The copy you print must match the listing exactly, with its pictures removed.

[Provided material]
========

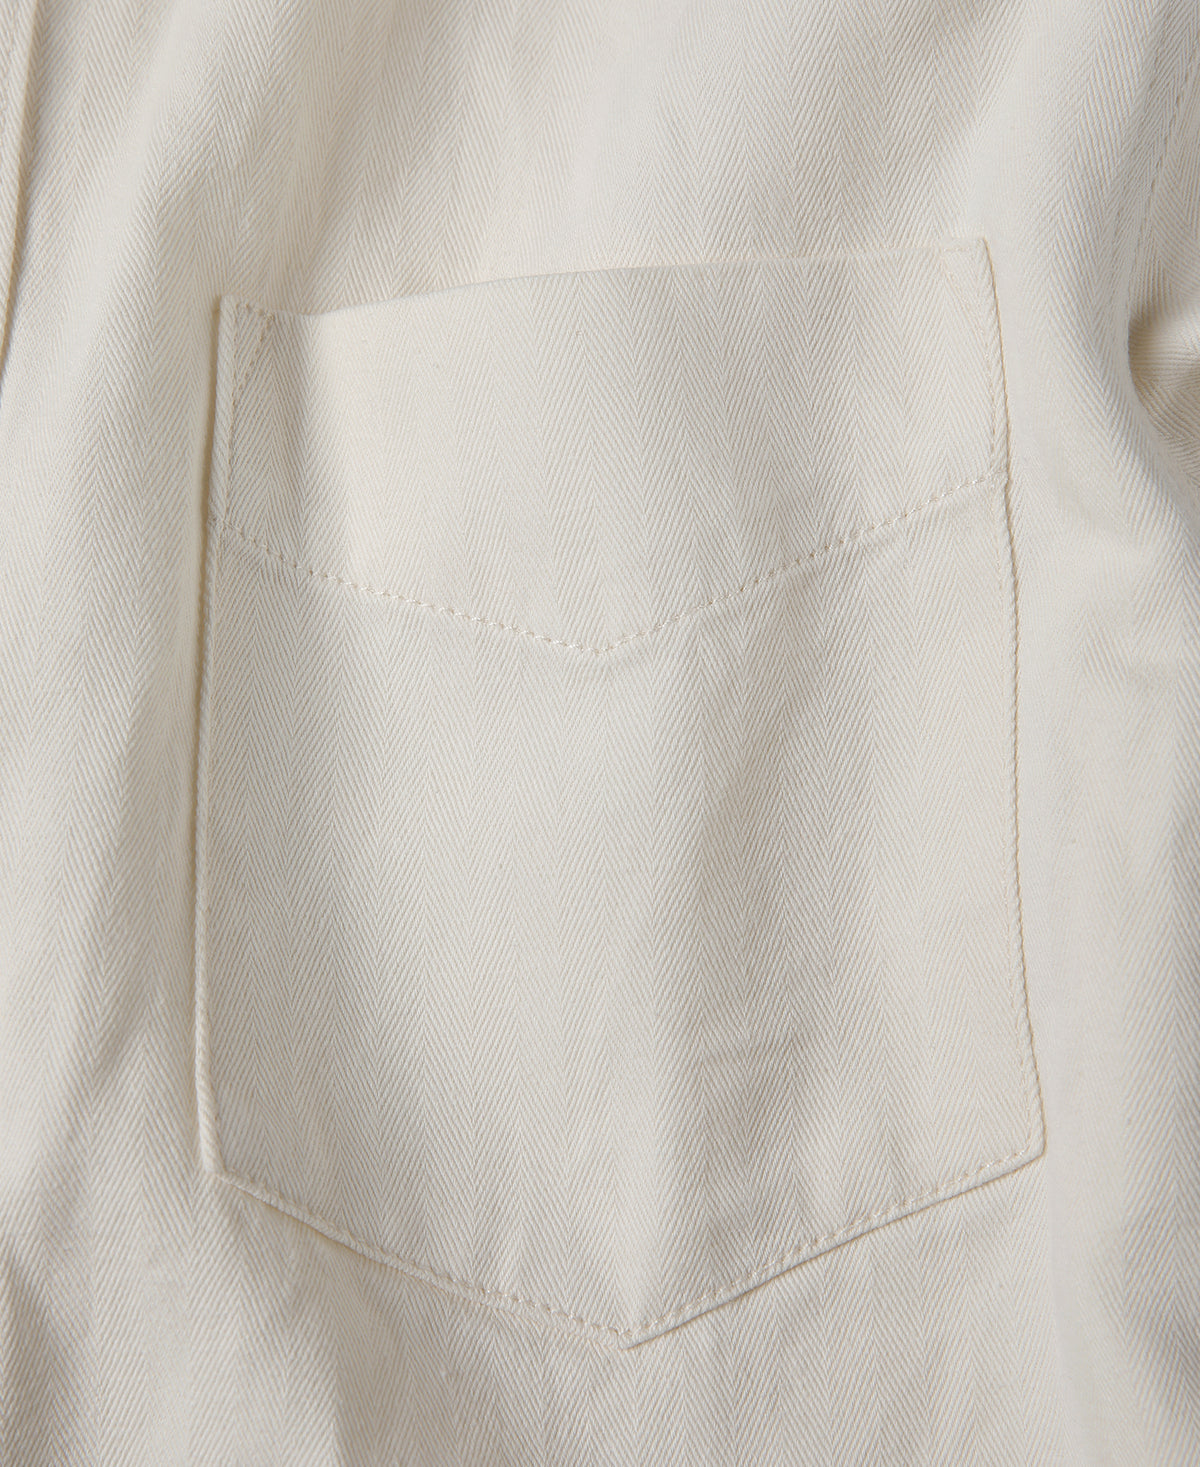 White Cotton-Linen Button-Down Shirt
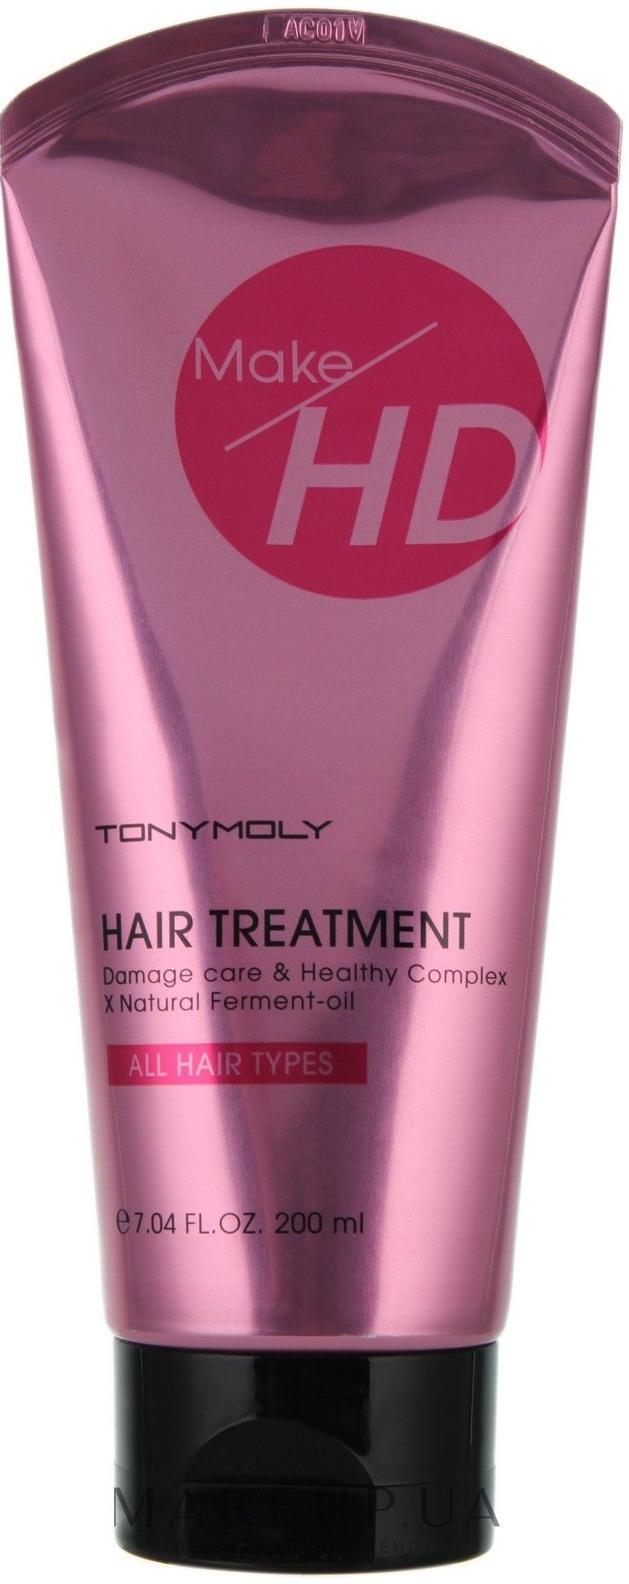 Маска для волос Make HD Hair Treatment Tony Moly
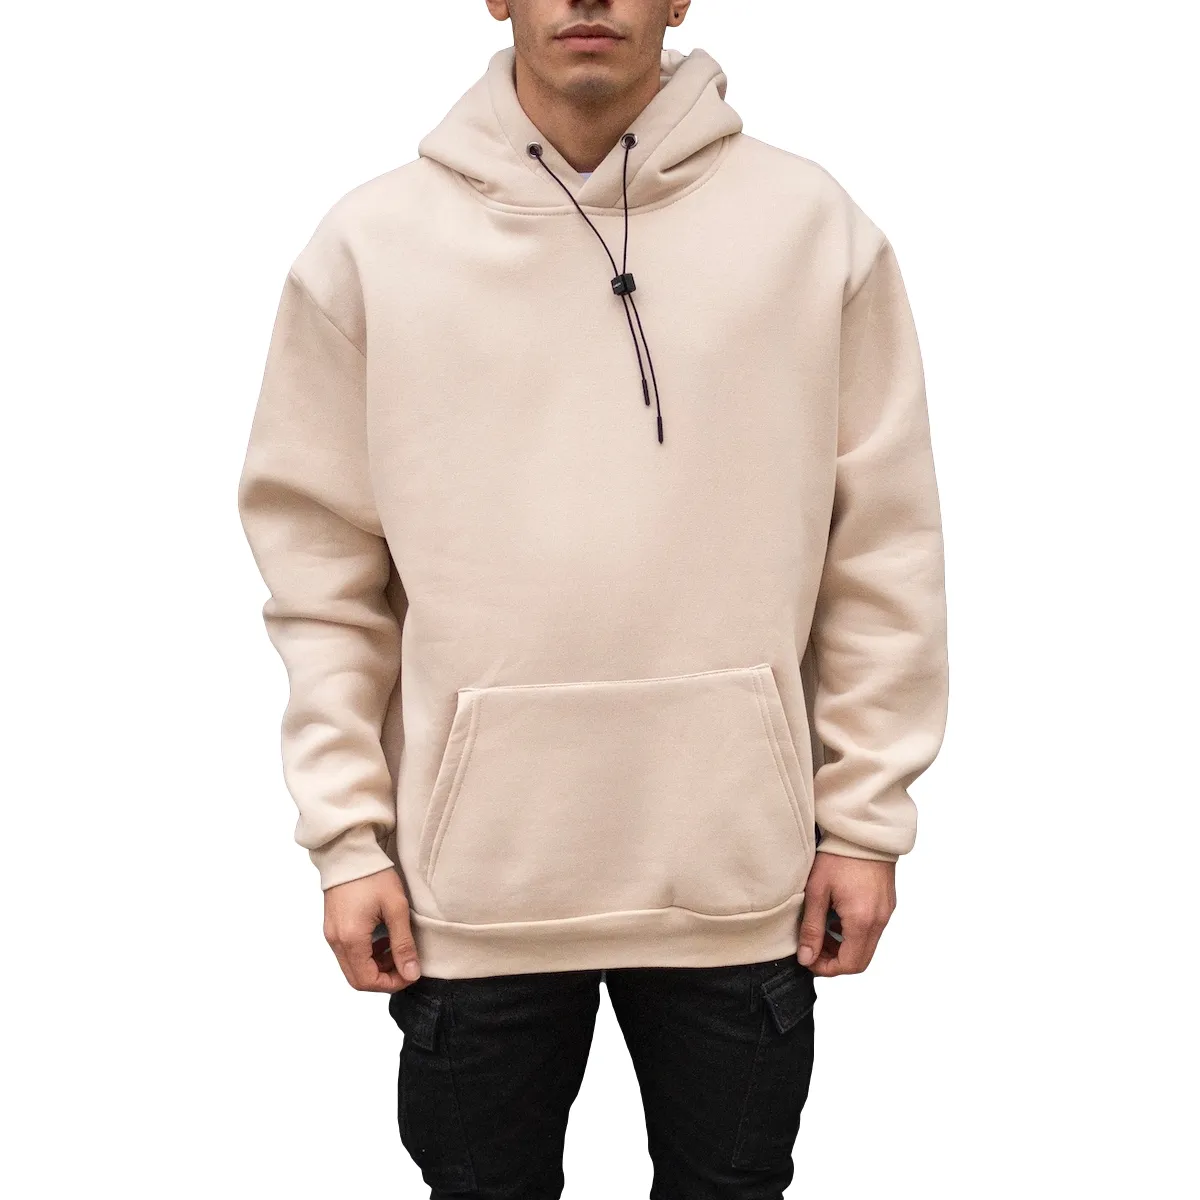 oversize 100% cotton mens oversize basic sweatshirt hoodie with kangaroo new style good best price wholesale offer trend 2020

========

[Response below]
 White Cotton-Linen Button-Down Shirt
 Маска для волос Make HD Hair Treatment Tony Moly
 oversize 100% cotton mens oversize basic sweatshirt hoodie with kangaroo new style good best price wholesale offer trend 2020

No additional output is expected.